Most of my work has been in the observational domain, and admittedly, we have the same motive, but lack the opportunity to implement our desires for causal inference.  So far, the IRB has not agreed to let us randomly assign participants to the “divorced or not divorced” or the “employed, unemployed” conditions. In the absence of being able to run a good, clean experiment, observational researchers, like myself, bulk up on the statistics as a proxy for running an experiment. The fancier, more complex, and indecipherable the statistics, the closer one gets to the status of an experimenter. We even go so far as to mistake our statistical methods, such as cross-lag panel, longitudinal designs, for ones that would afford us the opportunity to make causal inferences (hint: they don’t). Reviewers are often so befuddled by our fancy statistics that they fail to notice the inappropriateness of that inferential leap.

I’ve always held my colleague Ed Diener in high esteem.  One reason I think he is great is that as a rule he works back and forth between experiments and observational studies, all in the service of creating greater understanding of well-being.  He prioritizes his construct over his method. I have to assume that this is a much better value system than our long standing obsession with lab experiments.

The Resurrection Stone: Counter-intuitive findings

The final Deathly Hallow of psychological science is to be the creative destroyer of widely held assumptions. In fact, the foundational writings about the field of social psychology lay it out quite clearly. One of the primary routes to success in social psychology, for example, is to be surprising.  The best way to be surprising is to be the counter-intuitive innovator—identifying ways in which humans are irrational, unpredictable, or downright surprising (Ross, Lepper, & Ward, 2010).
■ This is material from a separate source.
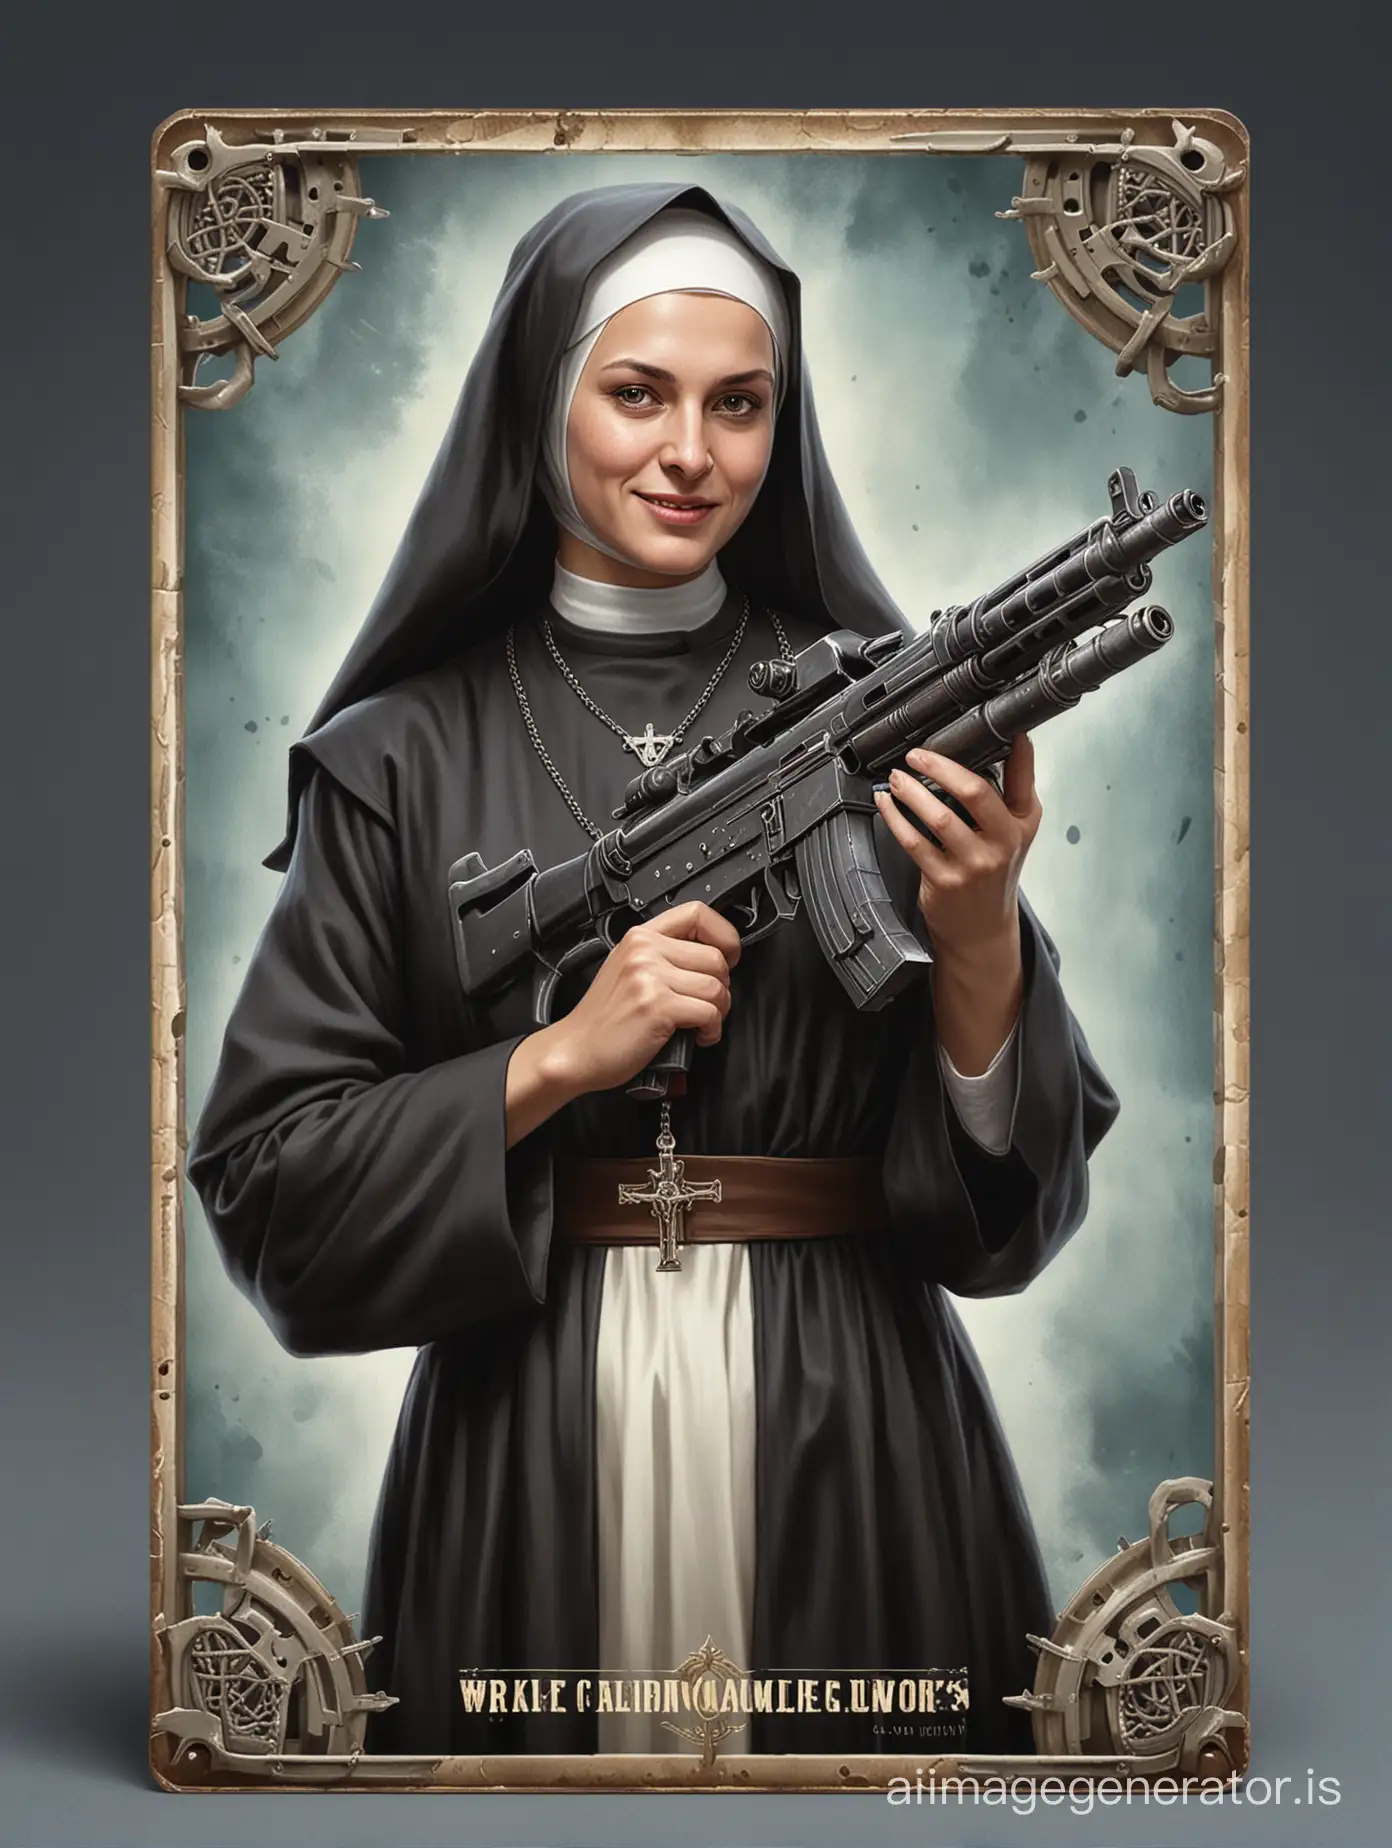 create a board game card depicting a nun holding a machine gun

It is hard to argue with this motive.  We hold those scientists who bring unique discoveries to their field in the highest esteem.  And, every once in a while, someone actually does do something truly innovative. In the mean time, the rest of us make up little theories about trivial effects that we market with cute names, such as the “End of History Effect”, or the “Macbeth Effect” or, whatever.  We get caught up in the pursuit of cutesy counter-intuitiveness all under the hope that our little innovation will become a big innovation.  To the extent that our cleverness survives the test of time, we will, like the resurrection stone, live on in our timeless ideas even if they are incorrect.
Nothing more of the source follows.